PROBLEM DETAILS ->
Exclude images, then output the remaining data verbatim.

DATASET CONTENT ->
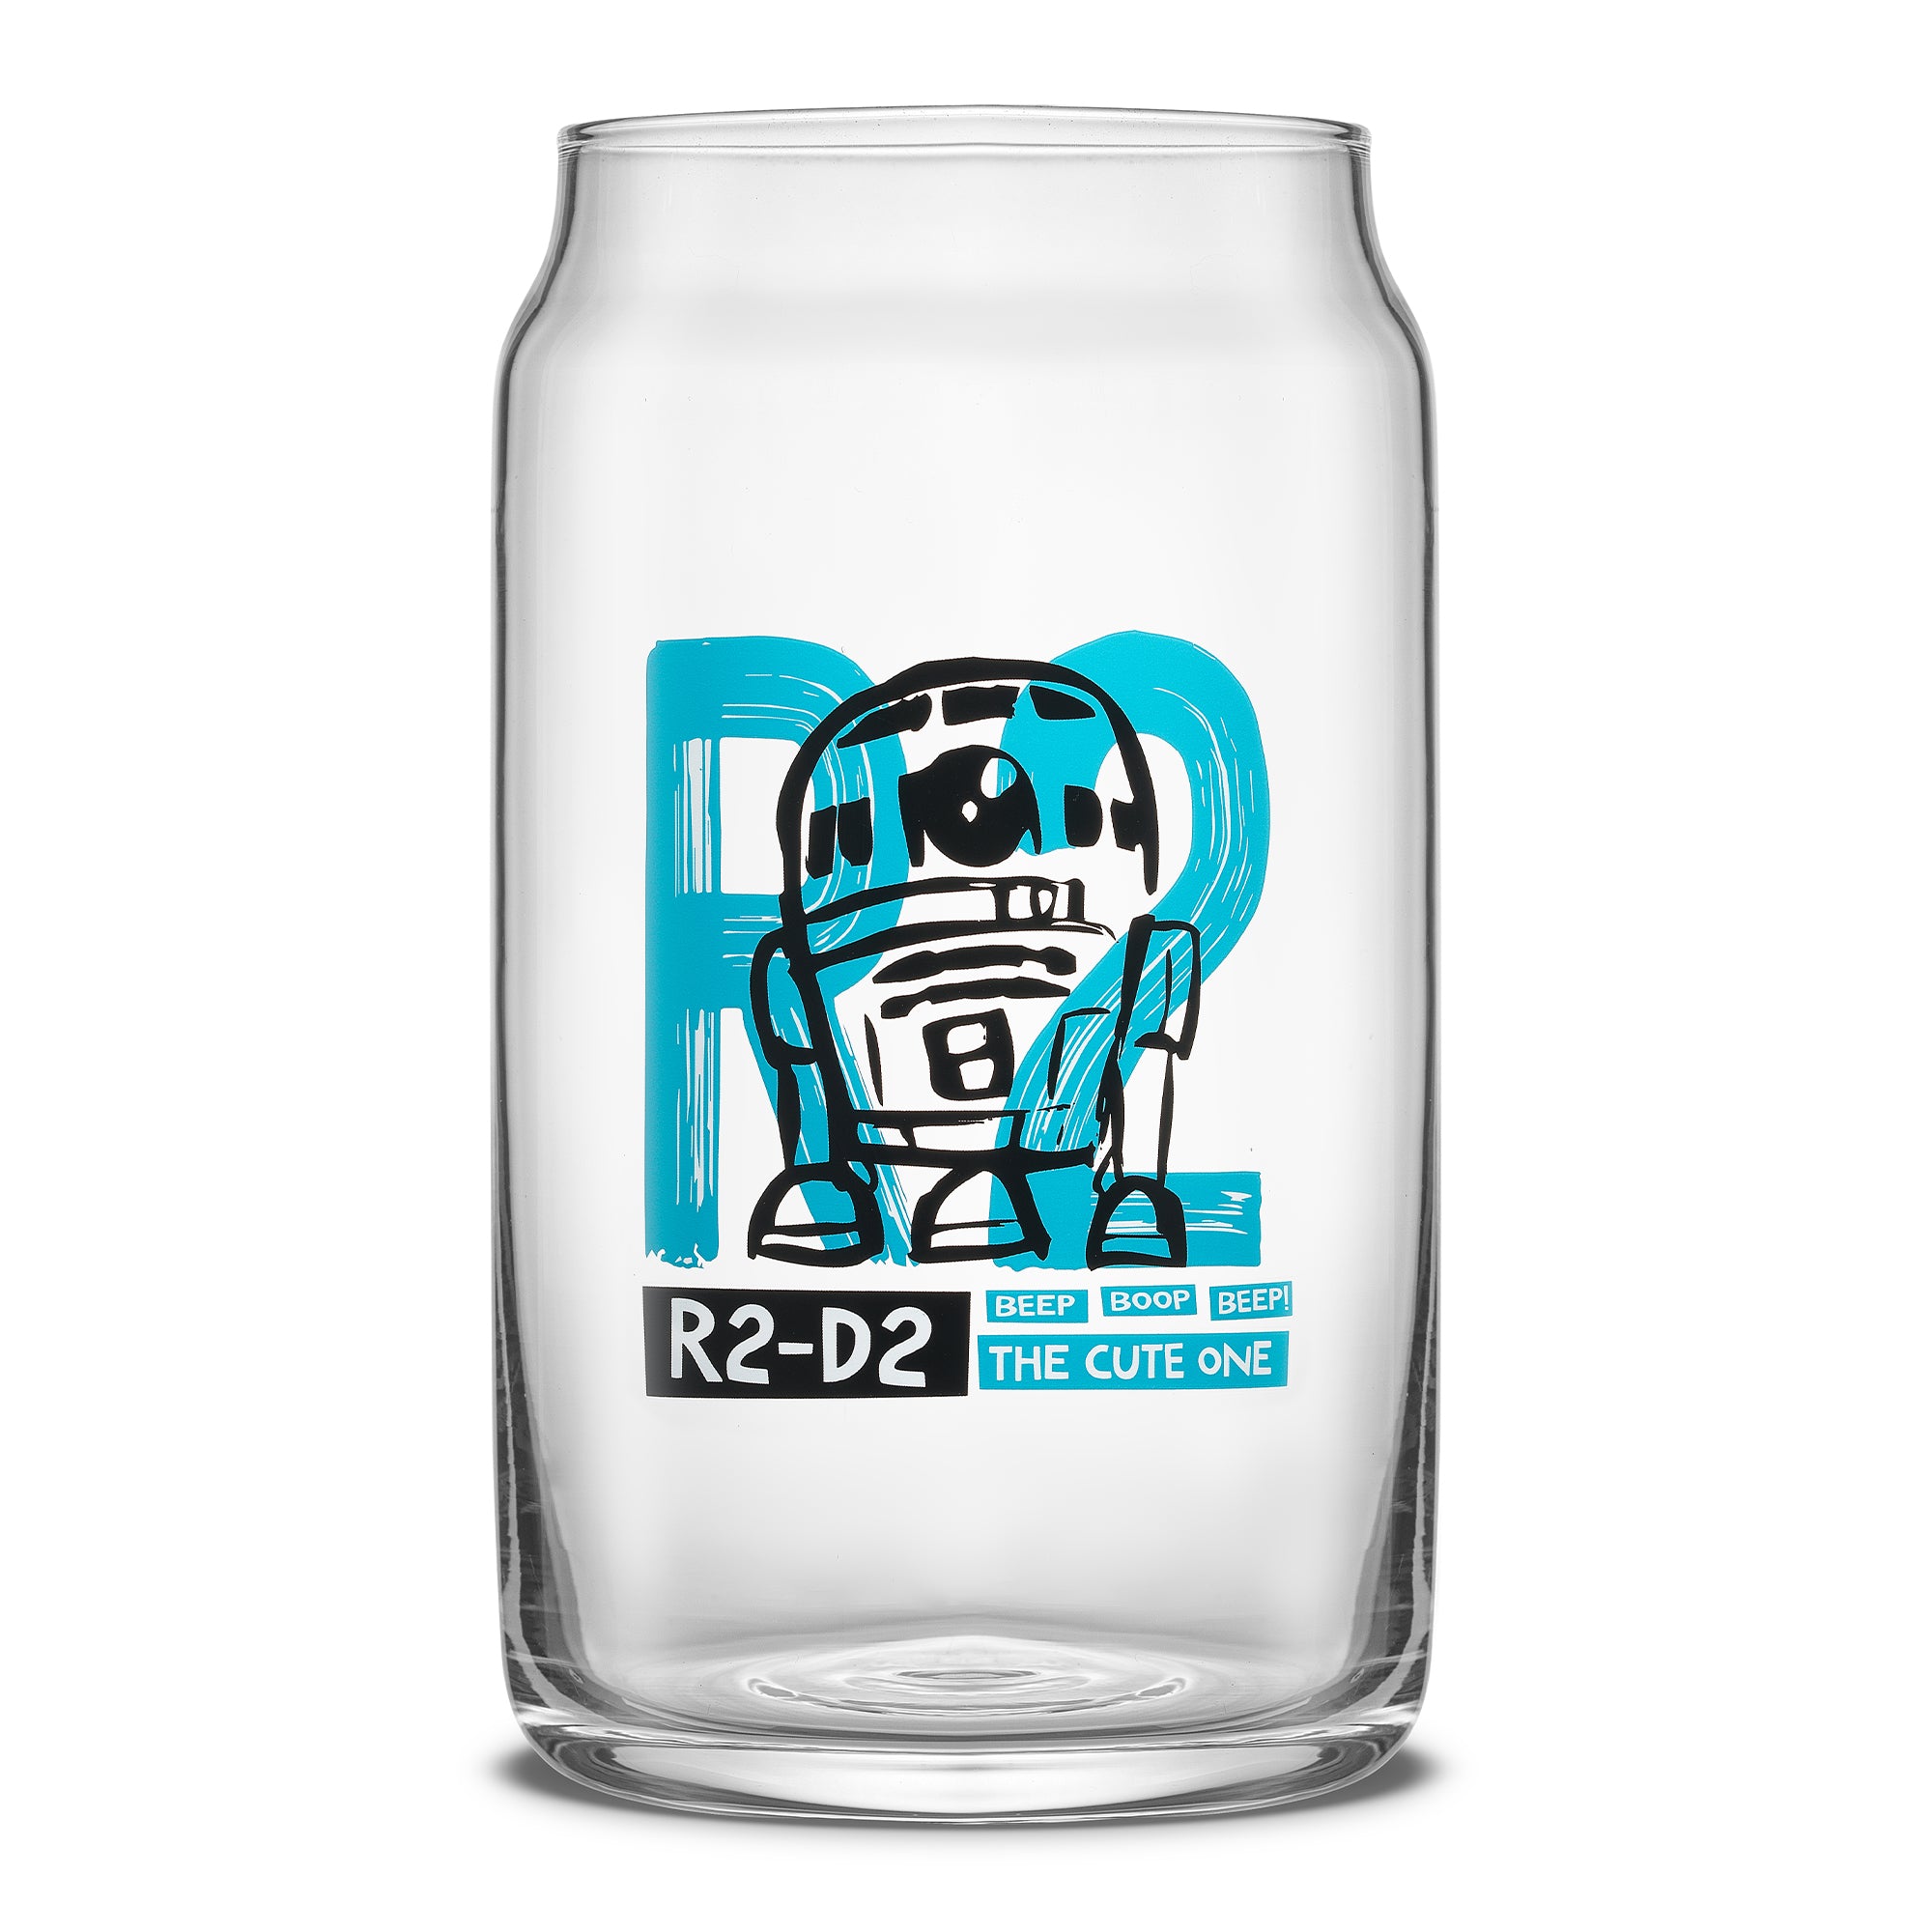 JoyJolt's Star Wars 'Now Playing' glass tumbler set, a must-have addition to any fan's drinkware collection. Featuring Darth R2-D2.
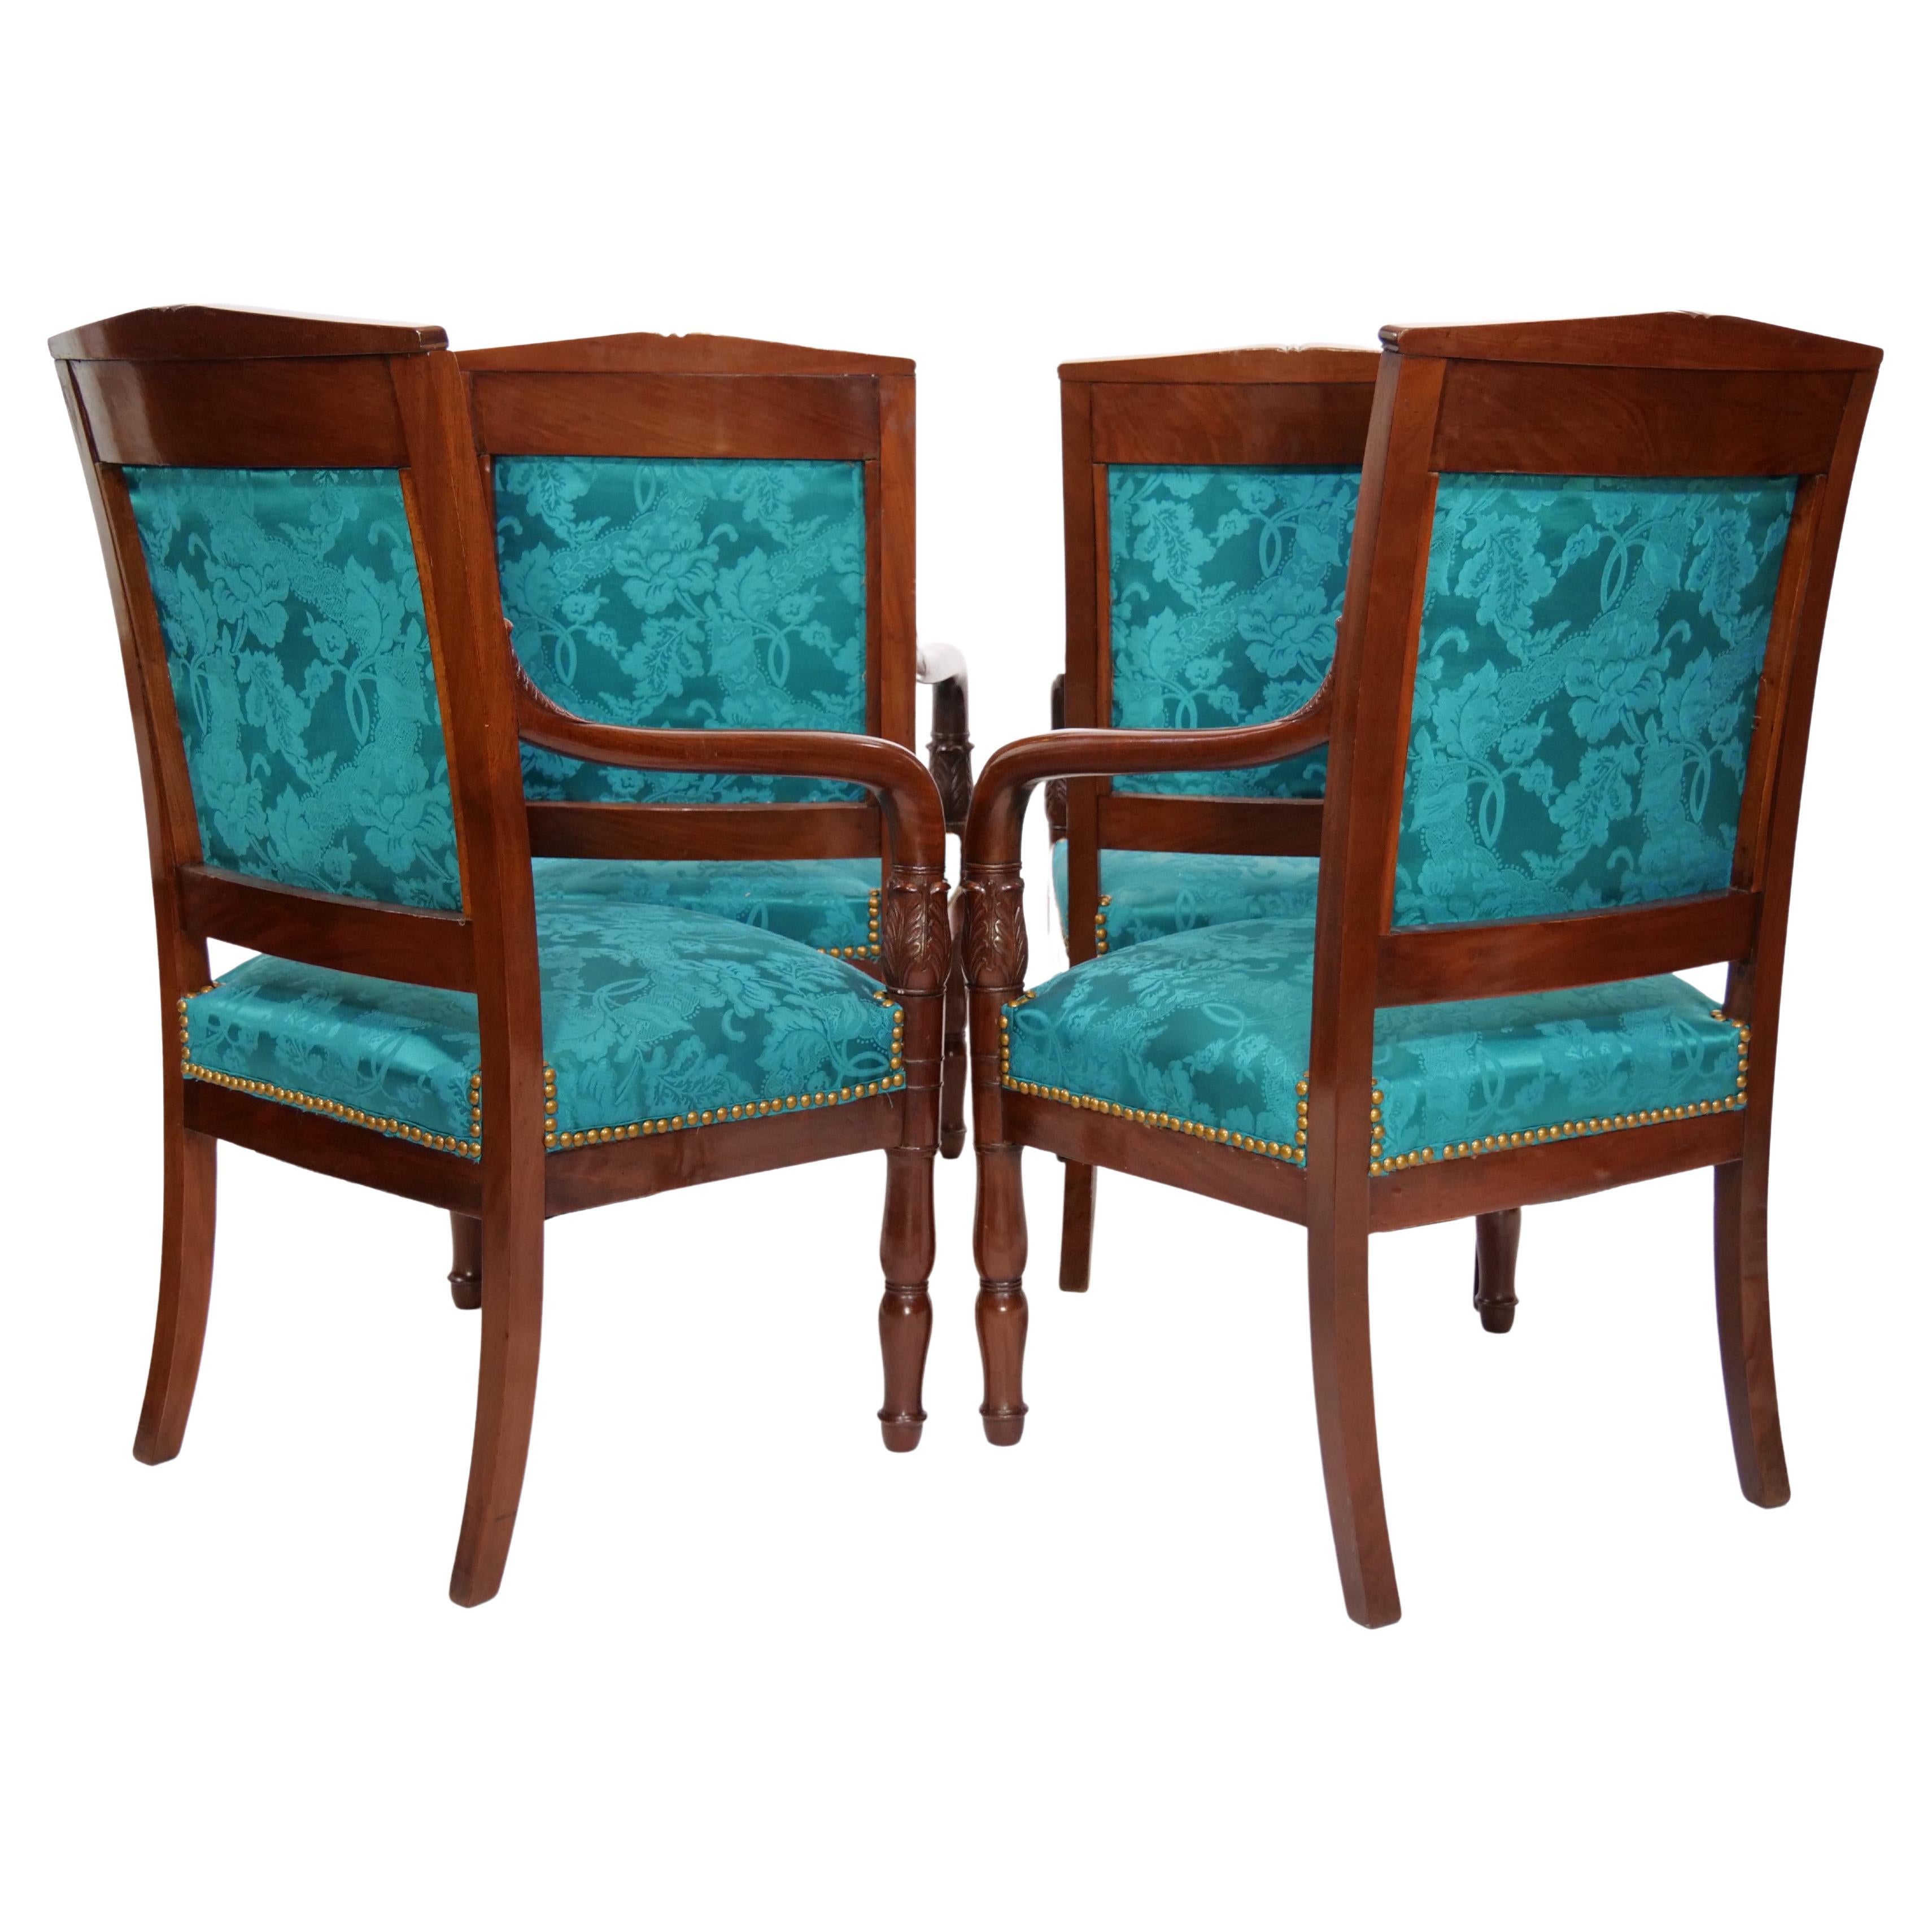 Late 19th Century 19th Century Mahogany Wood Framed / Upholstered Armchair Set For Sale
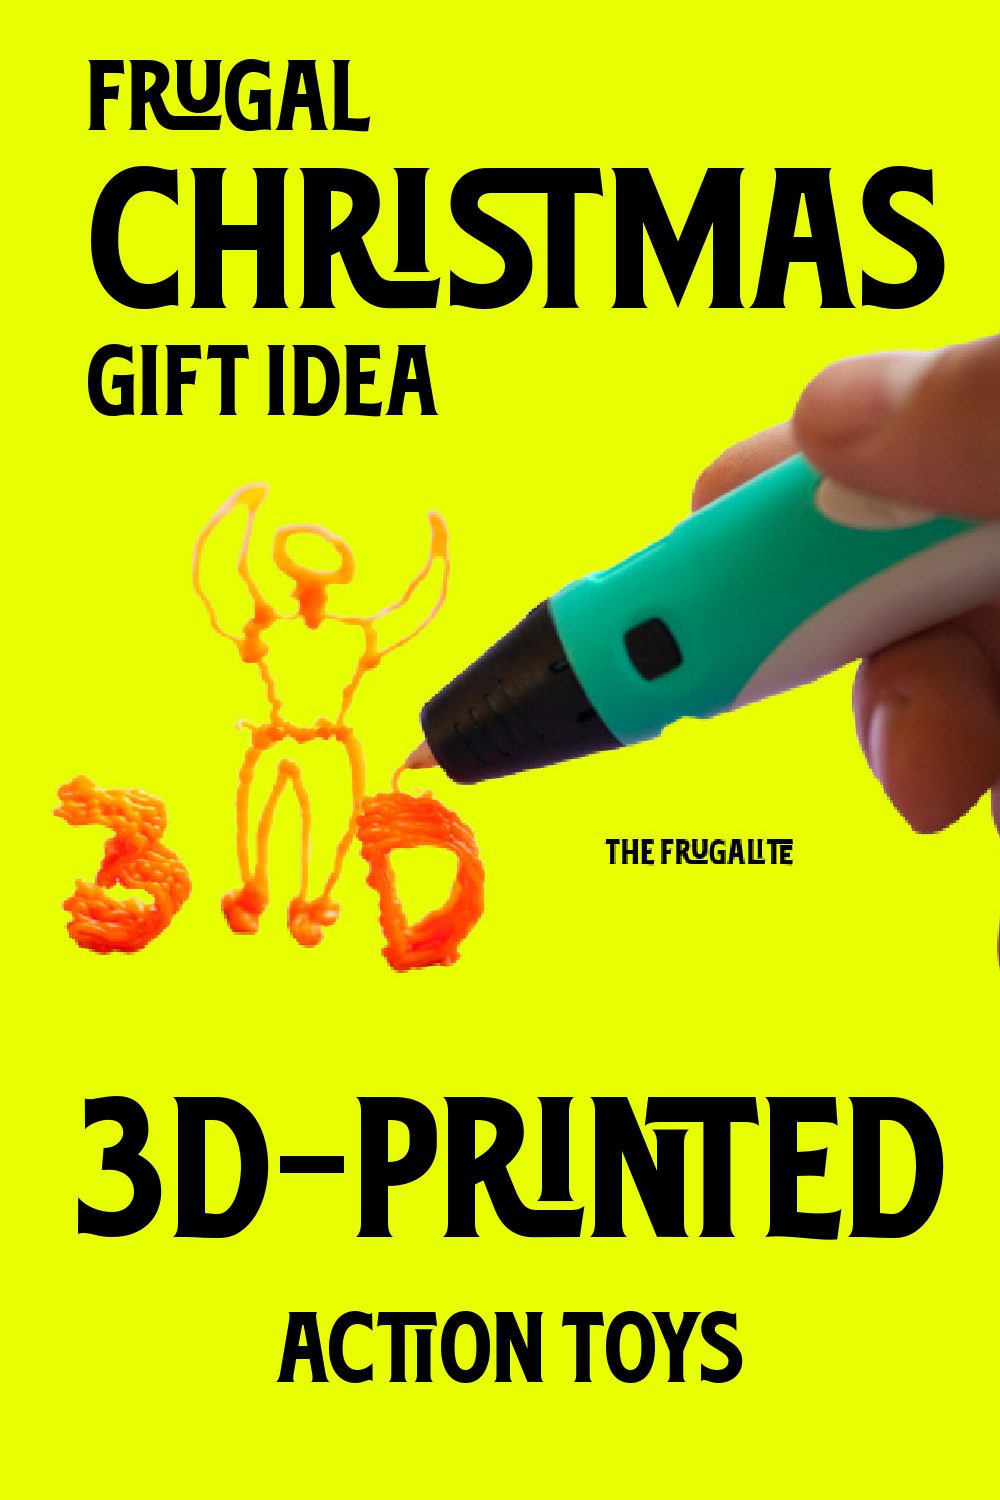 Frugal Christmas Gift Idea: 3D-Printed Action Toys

EXERCISE SOLUTION ->
 JoyJolt's Star Wars 'Now Playing' glass tumbler set, a must-have addition to any fan's drinkware collection. Featuring Darth R2-D2.
 Late 19th Century 19th Century Mahogany Wood Framed / Upholstered Armchair Set For Sale
 Frugal Christmas Gift Idea: 3D-Printed Action Toys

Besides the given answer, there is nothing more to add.